Moral of story:eek:ne bad battery in pack, replace all. I work in this industry and have seen all the battery ideas there are. The guys here have not lead you astray. Separate, charge and test. Replace as necessary.
 

Lestraveled

Joined May 19, 2014
1,946
Those of you who have worked with batteries know what an "equalization" charge is. This is where you purposefully over charge a lead acid battery. Equalization does two major things, desulfation and charging weaker cells. Equalization should be done periodically (monthly) and is healthy for the battery. In the course of normal or inadequate charging, weak cell get weaker and strong cells get stronger. Equalization brings cells closer together as far as state of charge, and a lot of sulfation gets turned back into electrolyte.

In post #5 I asked the TS to charge his problem battery at 15.5 volts. This is an equalization charge. I hope it works.
 

MrAl

Joined Jun 17, 2014
7,195
Thank you, If the battery was fully charged, the one with the highest resistance would the lower resistance one then not charge..

If I was to put a Resistor in series to make sure the battery had a similar resistance would that help at all.

Hi,

That's a very good idea, but only if the resistances are similar and if the added resistances dont have to be too high in value.

The best way however is to use a higher voltage for the higher resistance battery, and see if that brings the resistance down (it may). If so then the problem may get better and you wont have to do this again for a while.

If not, then the best way is to use a separate voltage for each battery. If you need a higher voltage for the 2nd battery you can use a small boost circuit. Yes that makes things a little more complicated, but batteries are devices that are not as simple as they appear to be.
 

hp1729

Joined Nov 23, 2015
2,304
Hi,

That's a very good idea, but only if the resistances are similar and if the added resistances dont have to be too high in value.

The best way however is to use a higher voltage for the higher resistance battery, and see if that brings the resistance down (it may). If so then the problem may get better and you wont have to do this again for a while.

If not, then the best way is to use a separate voltage for each battery.

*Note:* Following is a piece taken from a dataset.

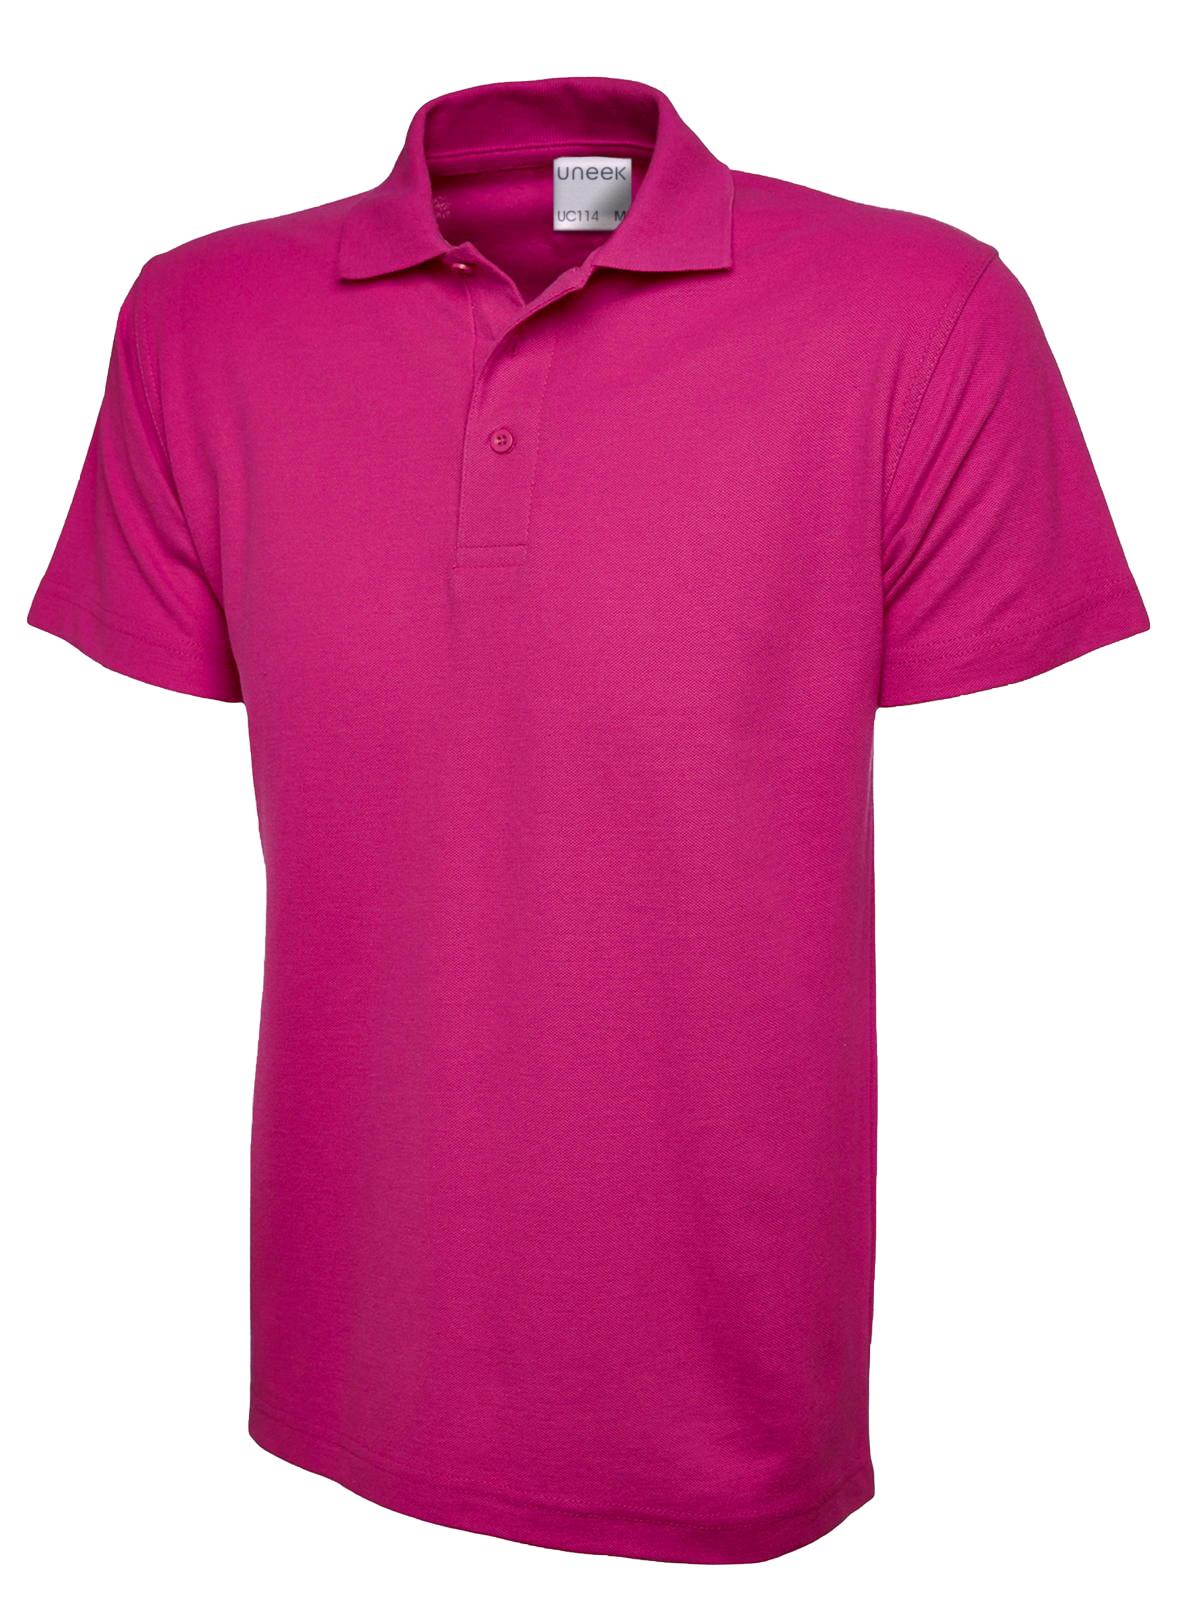 Uneek Men's Ultra Cotton Poloshirt UC114 - Hot Pink

If you need a higher voltage for the 2nd battery you can use a small boost circuit. Yes that makes things a little more complicated, but batteries are devices that are not as simple as they appear to be.
Re: charging the battery to 5.5 V
If he is using a conventional charger that comes with a device that isn't an option. Roll-your-own chargers are needed to set the voltage to some desired level. I have my own designs for such things but they are far from being equal to a commercial product and need constant human monitoring.
Are there any specific designs you might suggest? Mine are simple voltage regulators with some degree of current limiting. Do any designers have good rules to go by for designing battery chargers? Mine are usually "low current over a long time" designs. At max I probably charge at 1/10th the Amp-Hour rating. SLA I might charge at a low current (100 mA) for days at a constant voltage.
Charging batteries in parallel? I've never done it.